# Clippers' New Logo



## Basel

__ https://twitter.com/i/web/status/604834145550745600
For those on the app:

















Meh.


----------



## RollWithEm

Not a big fan of this one. The big C with other letters inside of it concept has already been perfected. No reason to go to that well again.


----------



## Kreutz35

The Clippers clearly missed having the title of "Laughing Stock of the NBA" and are trying to recapture that magic.


----------



## Marcus13

Two thumbs down


----------



## Kreutz35

What did they do, commision @Basel to design it?


----------



## GNG

Woof.


----------



## ATLien

The NBA must be mandating that all new logos be in a round shape


----------



## R-Star

They're as popular as they've been right now in as far back as I can remember. Why re-brand? I don't get it.


----------



## Marcus13




----------



## Porn Player

I really don't like it. Like really. 

I'm so nervous for the Raptors unveil.


----------



## Dissonance

The Clappers.


----------



## Basel

Dumb.


----------



## RollWithEm

And then there's this: http://www.funnyordie.com/videos/44...nd-steve-ballmer-unveil-the-new-clippers-logo

Any way to embed funny or die videos @Basel?


----------



## Basel

RollWithEm said:


> And then there's this: http://www.funnyordie.com/videos/44...nd-steve-ballmer-unveil-the-new-clippers-logo
> 
> Any way to embed funny or die videos @Basel?

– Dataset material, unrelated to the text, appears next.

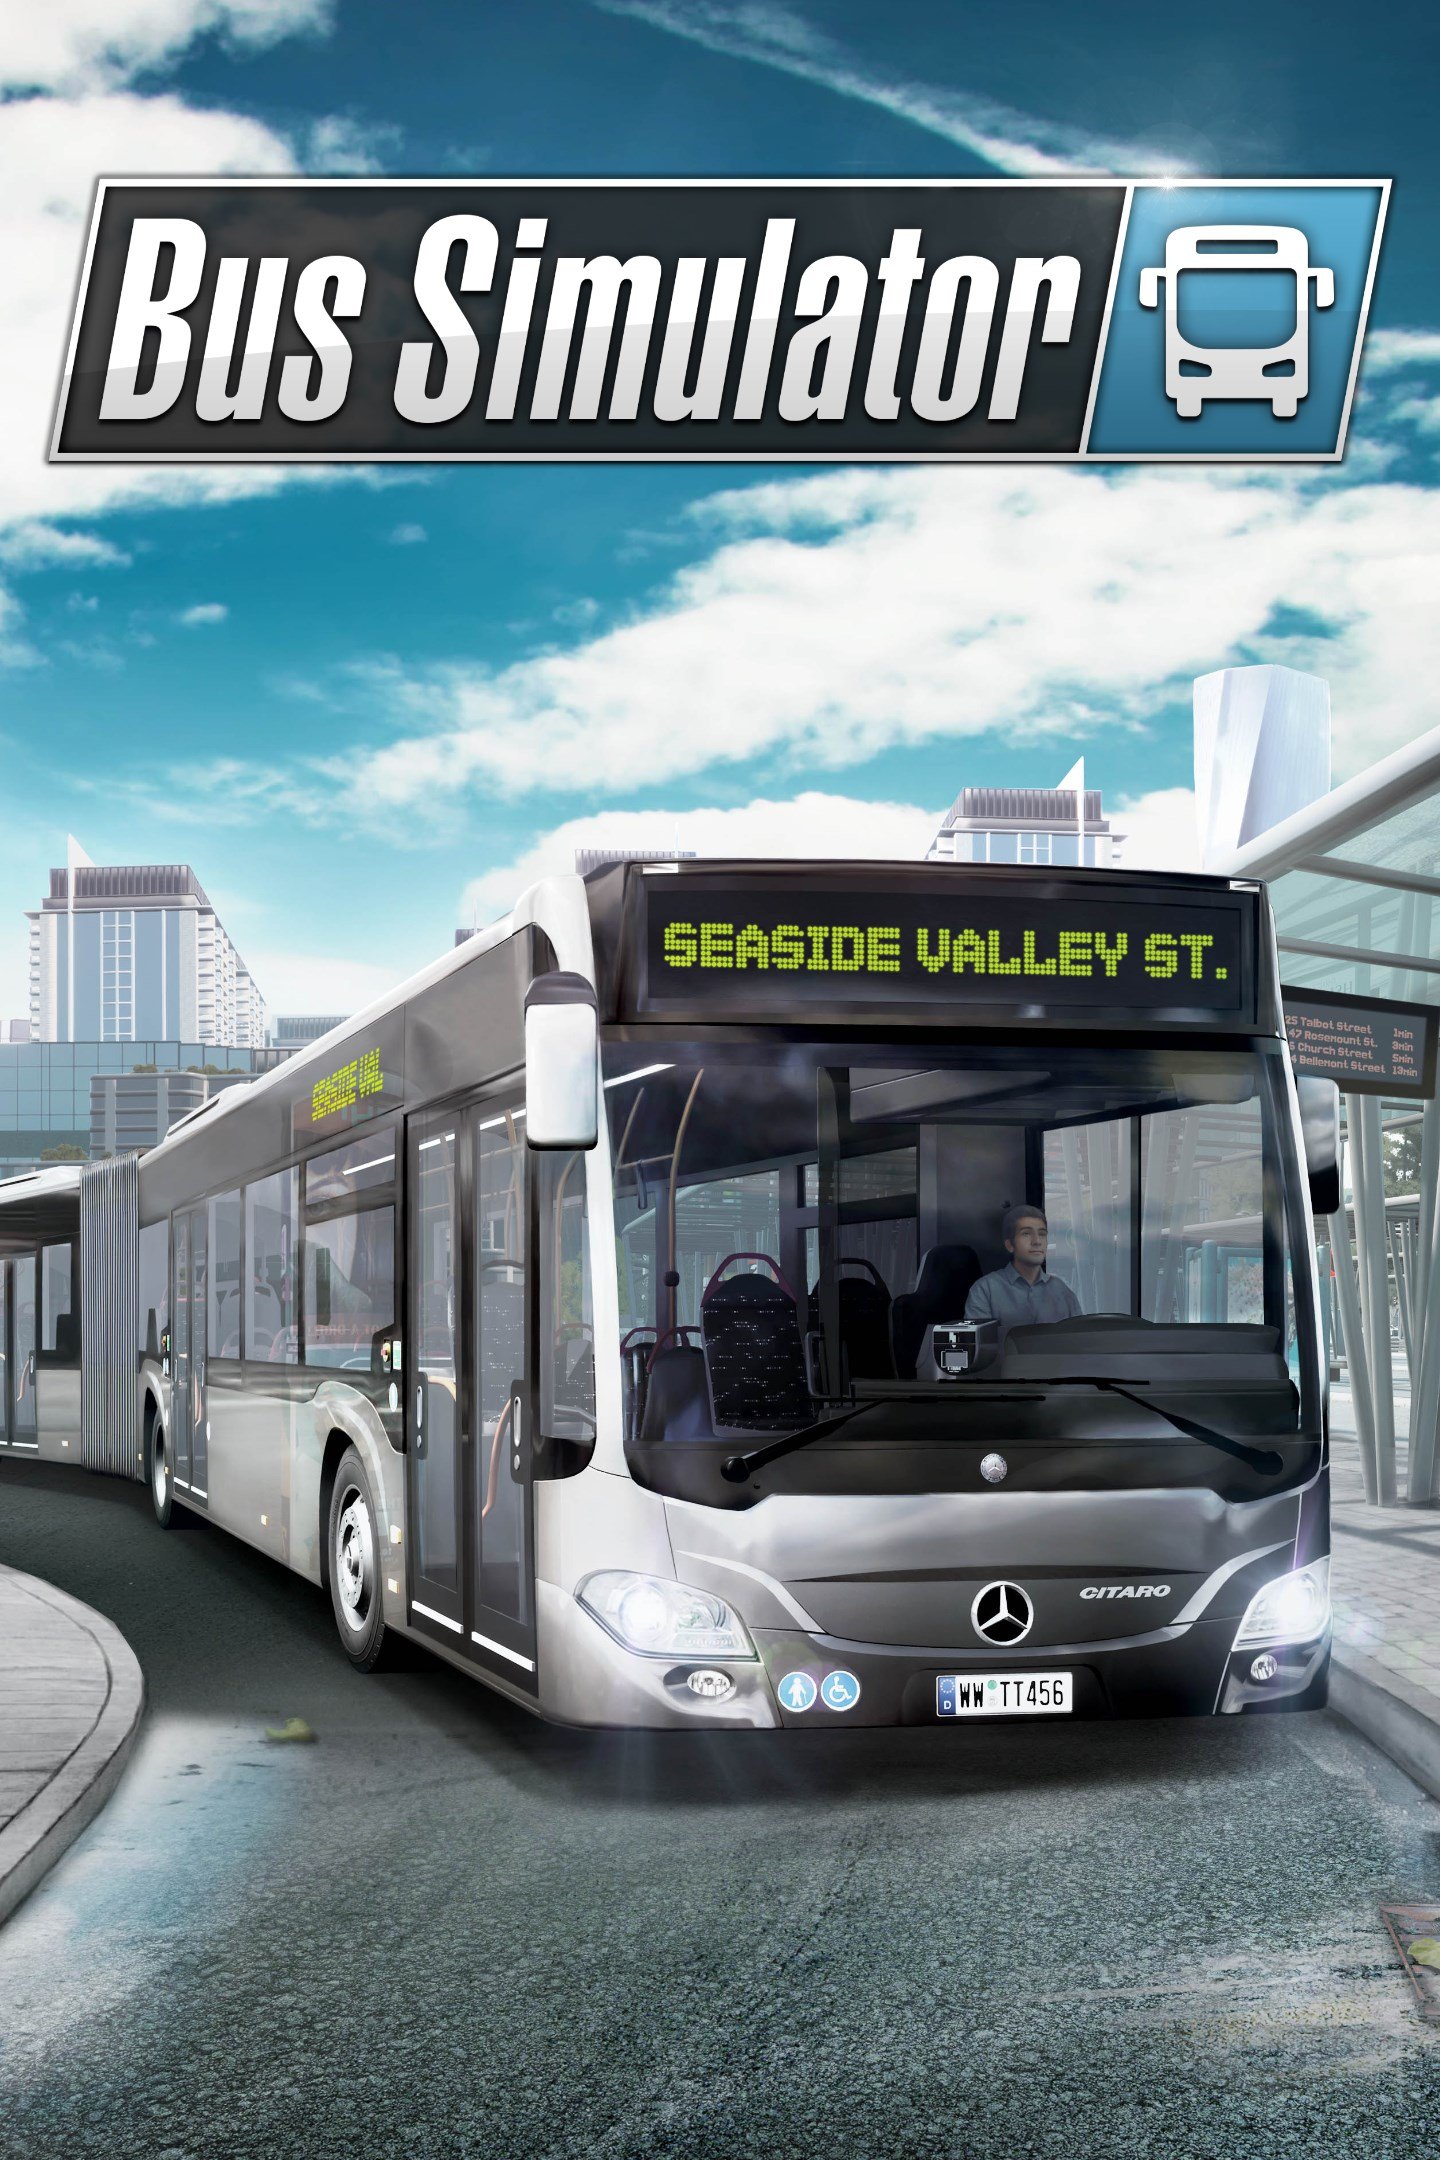 jaquette du jeu vidéo Bus Simulator 18
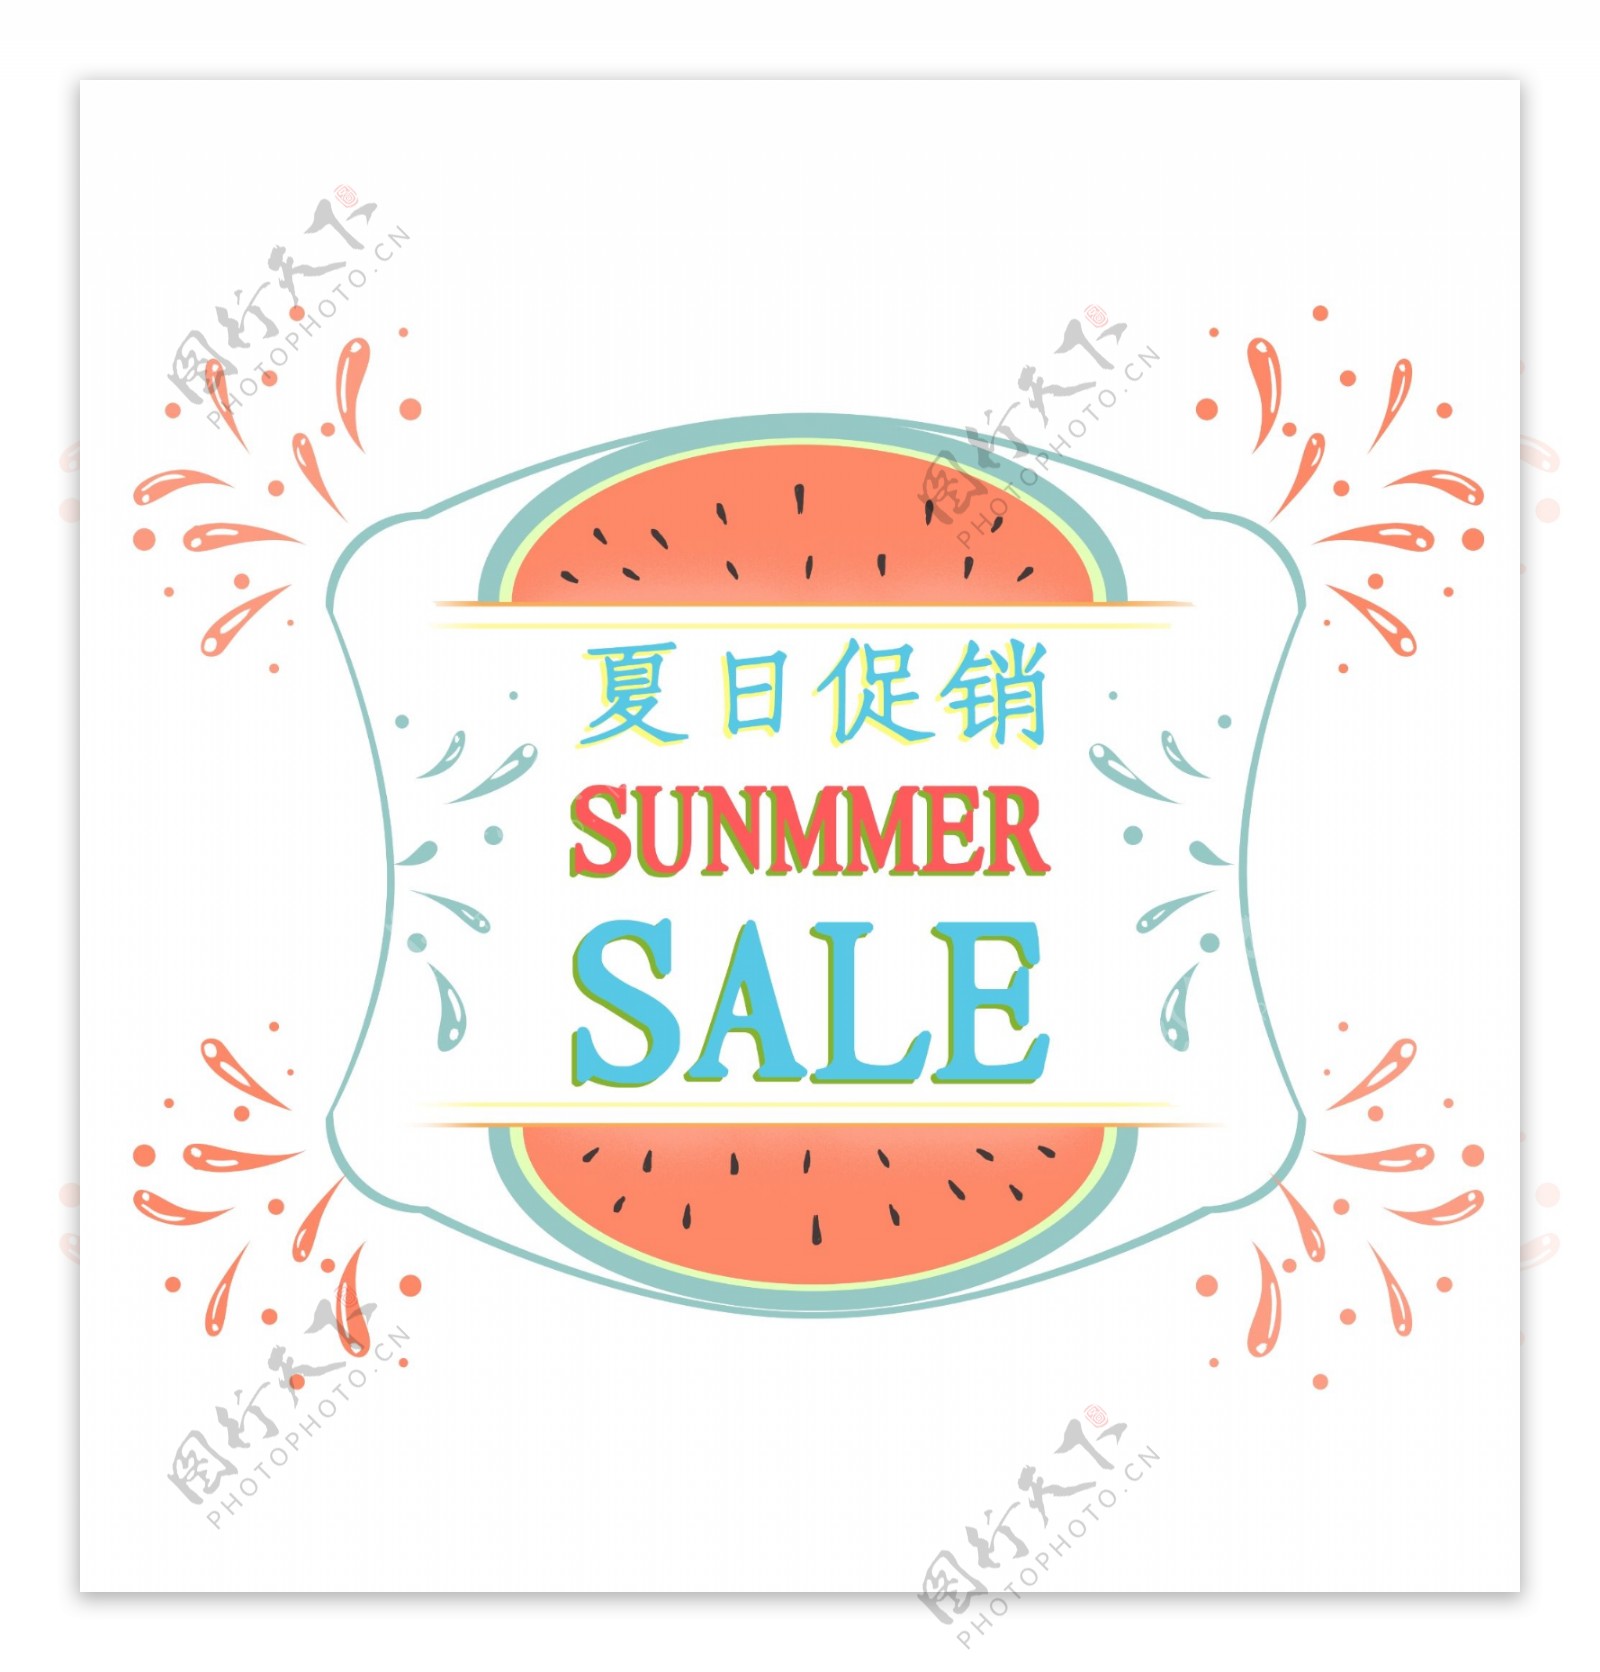 小清新夏日促销SummerSALE标签

There likely is, but I just don't know how to do it. @mack10 would have to do it.


----------



## Pelicans808

Porn Player said:


> I really don't like it. Like really.
> 
> I'm so nervous for the Raptors unveil.


This is what the Raptors' new duds are rumored to look like: 










http://news.sportslogos.net/2015/02/10/exclusive-details-emerge-about-new-toronto-raptors-uniforms/


----------



## Pelicans808

If you look closely at the home white jersey, it looks like they just took their current template and slapped the new "Clippers" wordmark on it and called it a day. Everything else, including the collar, looks exactly the same. The red road jersey just looks terrible. I'm surprised no one had the guts to tell Steve Ballmer they look like practice jerseys.


----------